Everything in the data gets repeated exactly, except for the pictures.

Dataset excerpt:
'''
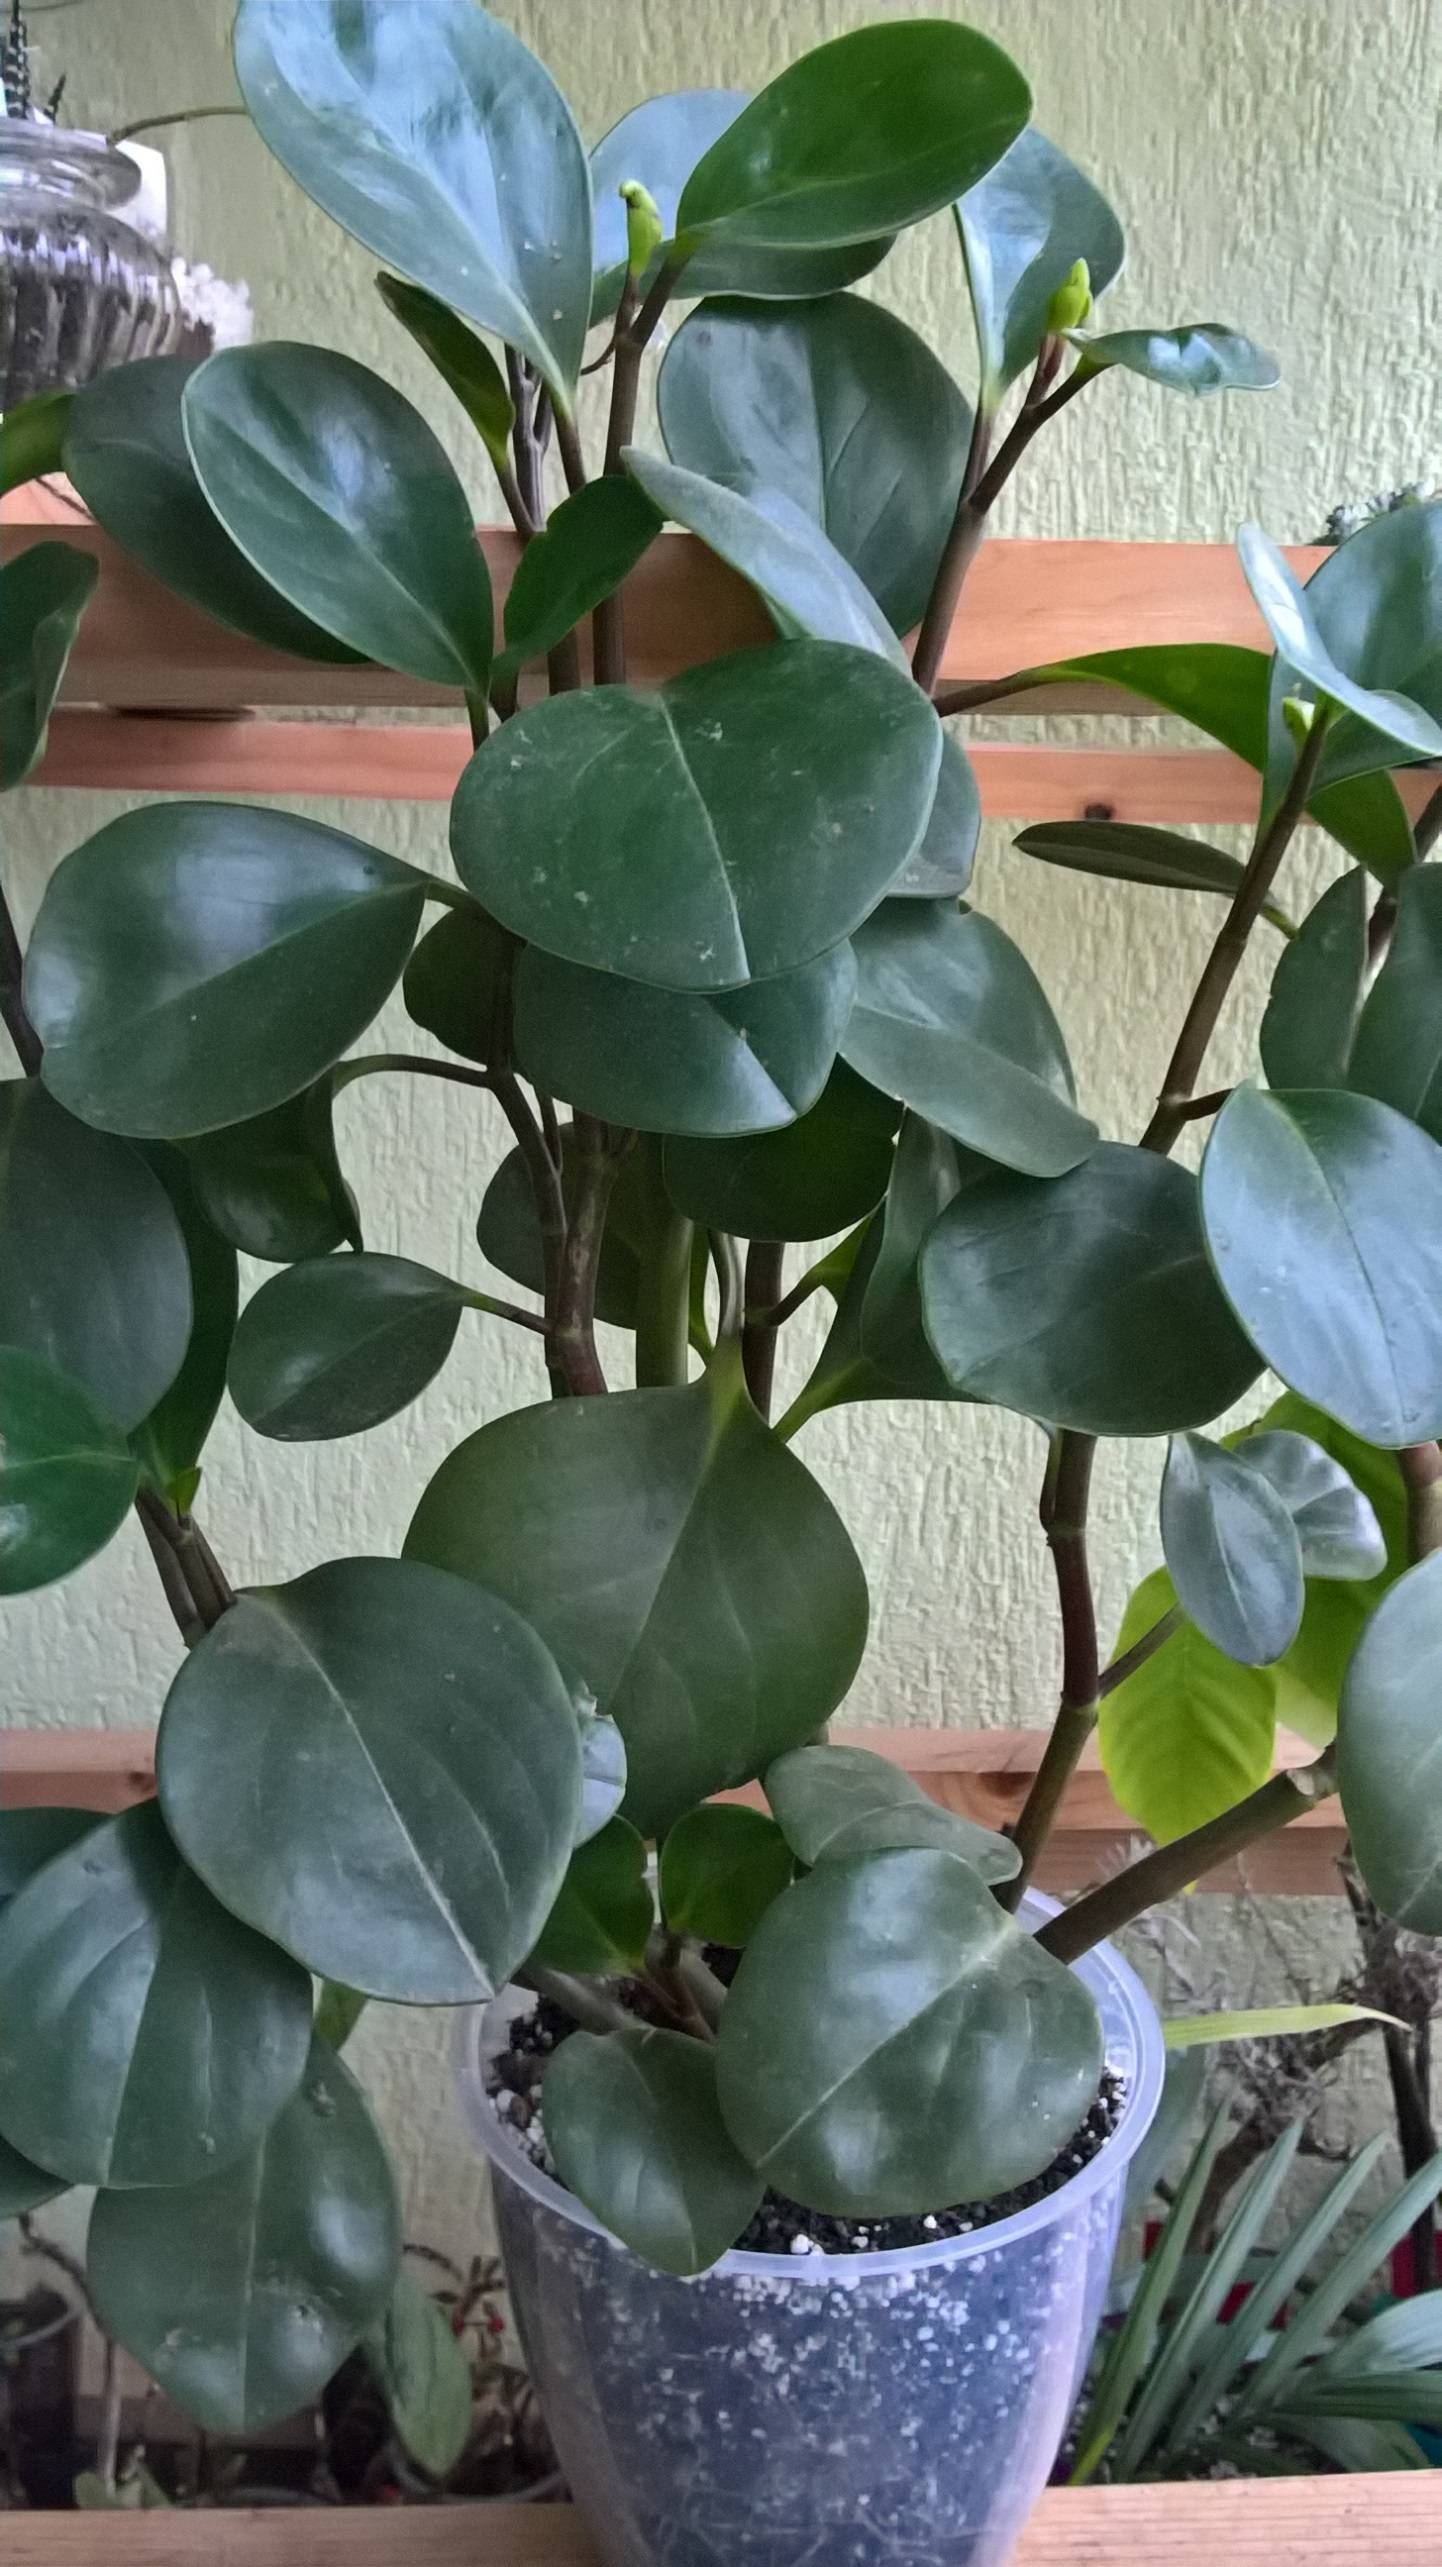 identification - What is the name of this potted plant with large ...
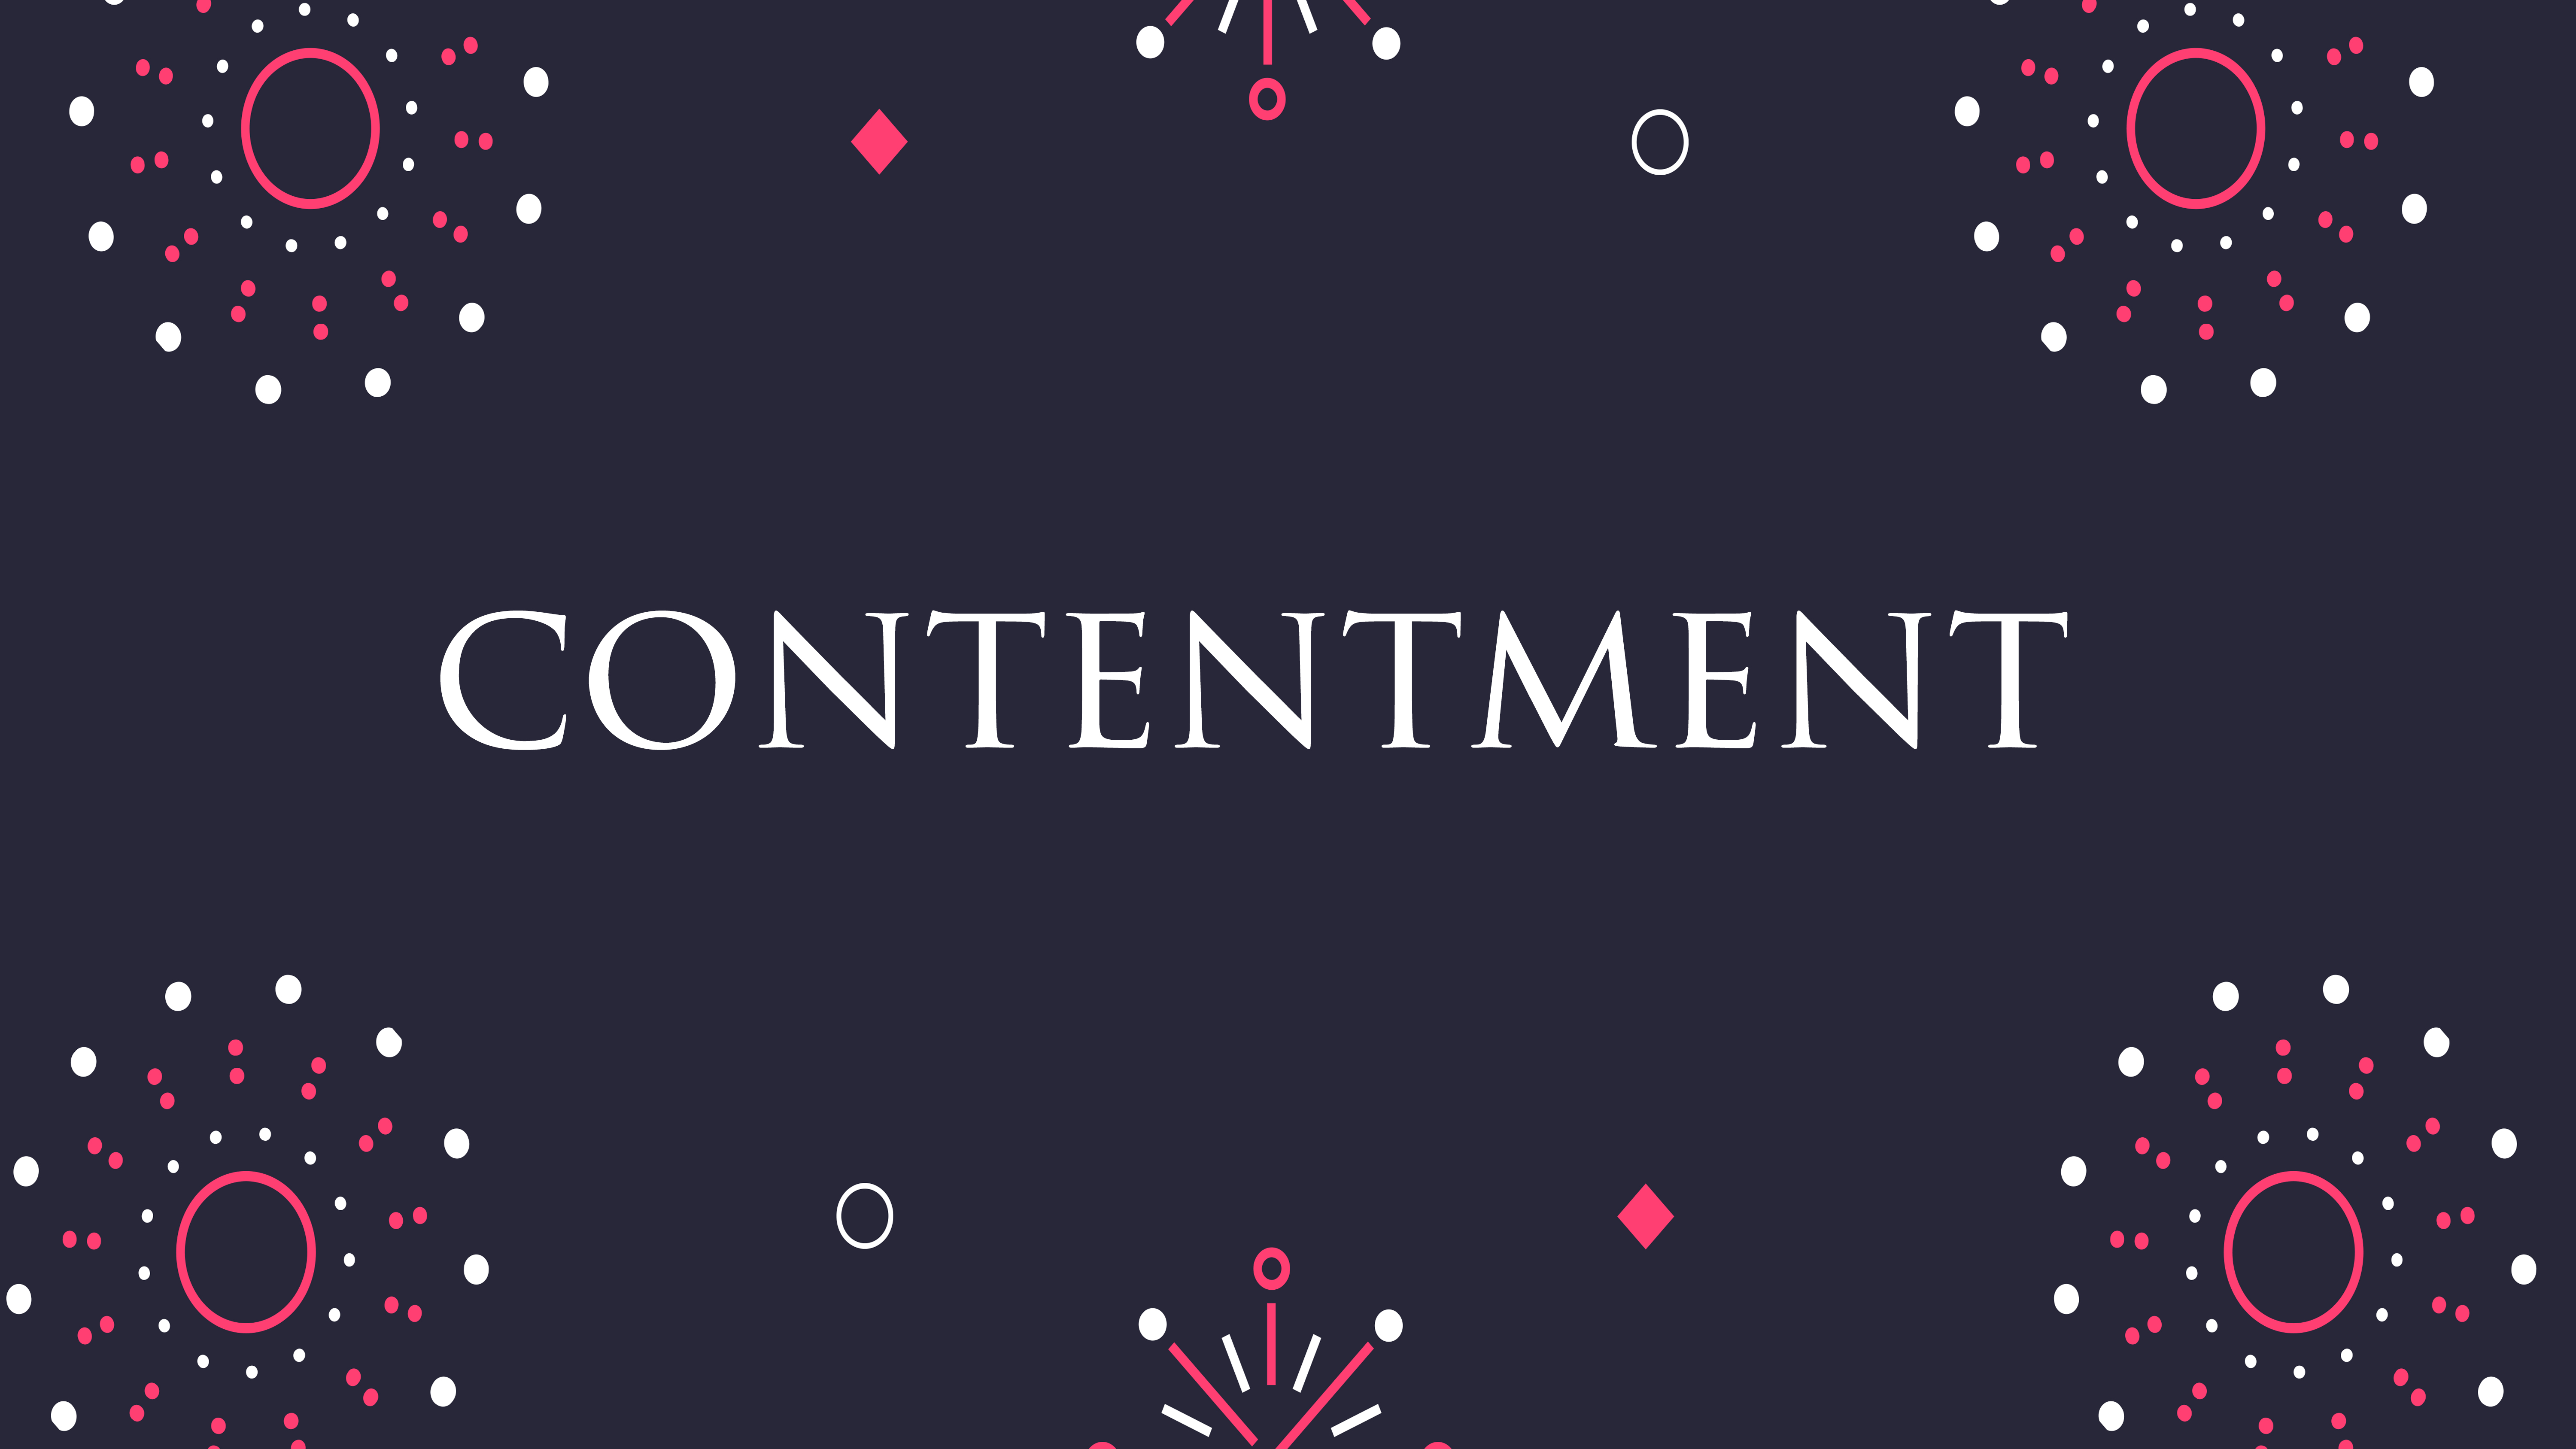 The Key to Contentment Image
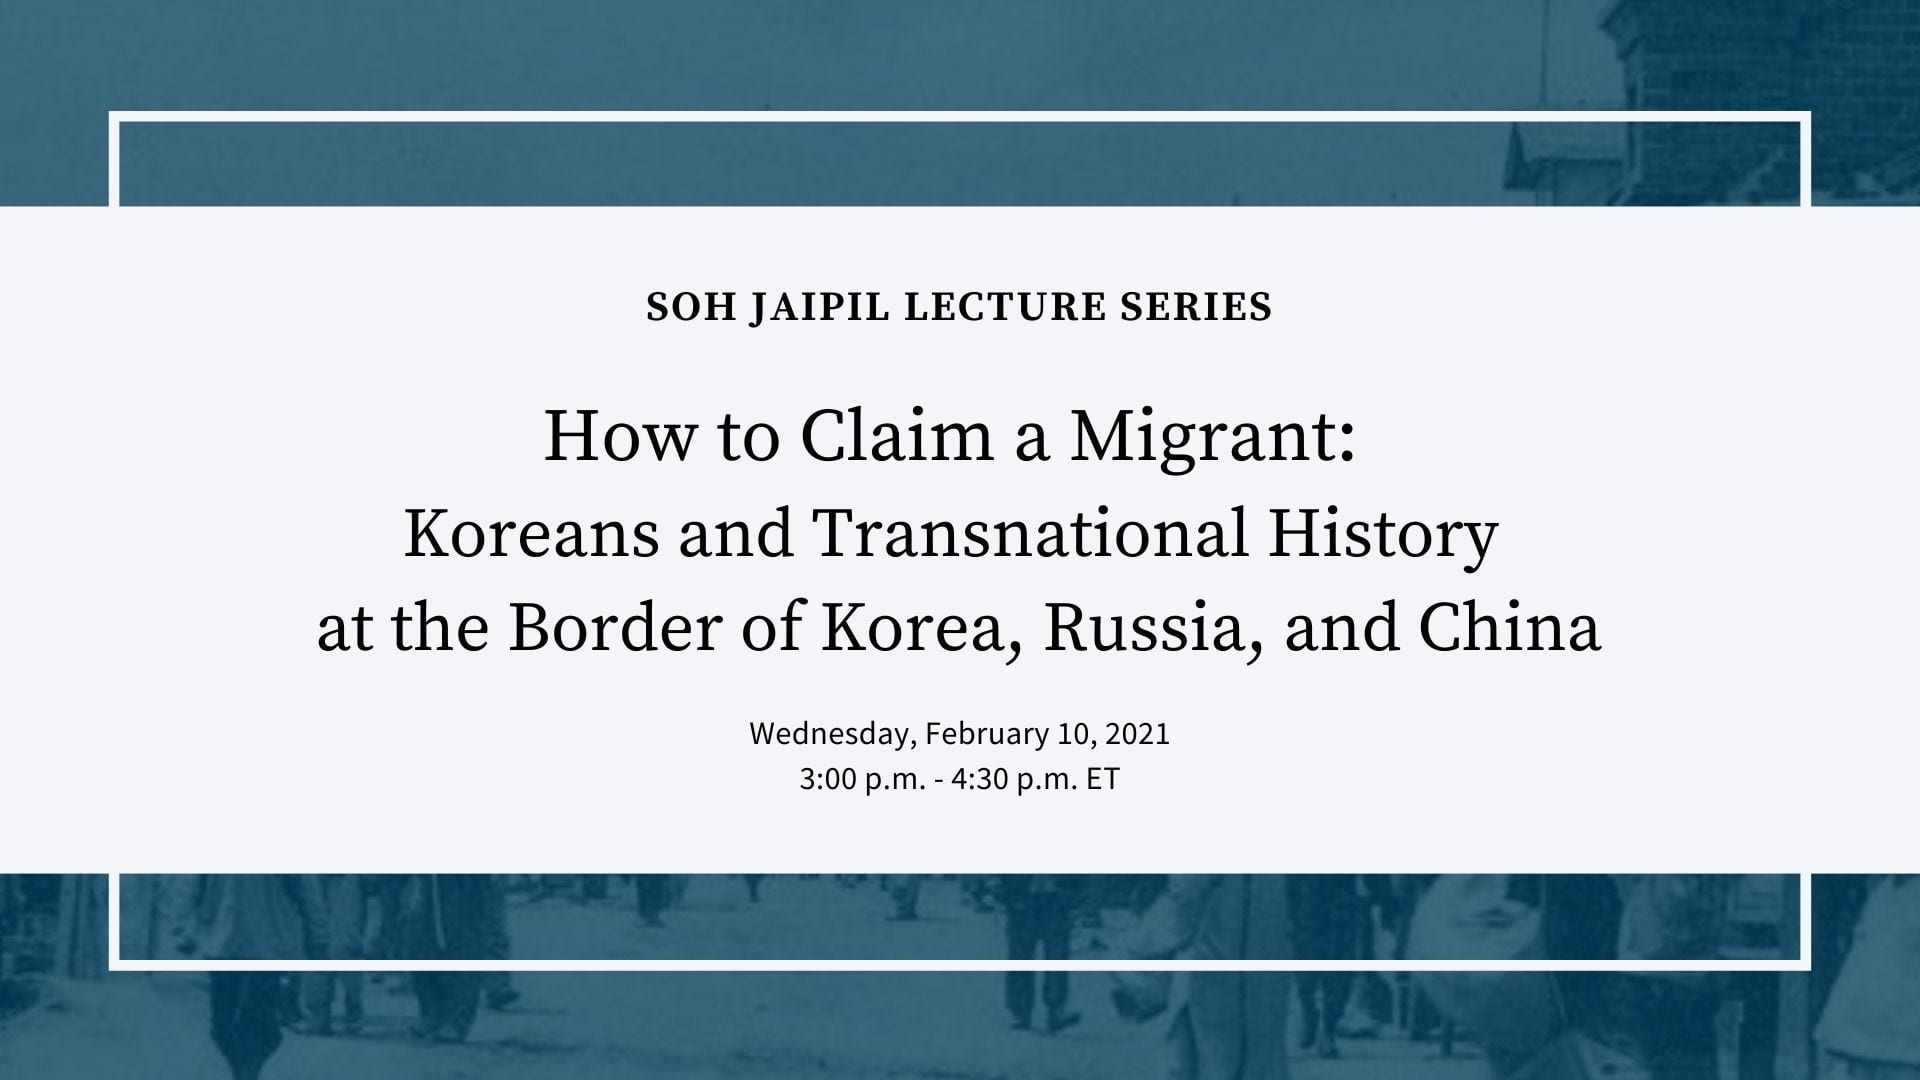 banner for event with blue background and white overlay; text: Soh Jaipil Lecture Series “How to Claim a Migrant: Koreans and Transnational History at the Border of Korea, Russia, and China“
'''
Problem solution:
 identification - What is the name of this potted plant with large ...
 The Key to Contentment Image
 banner for event with blue background and white overlay; text: Soh Jaipil Lecture Series “How to Claim a Migrant: Koreans and Transnational History at the Border of Korea, Russia, and China“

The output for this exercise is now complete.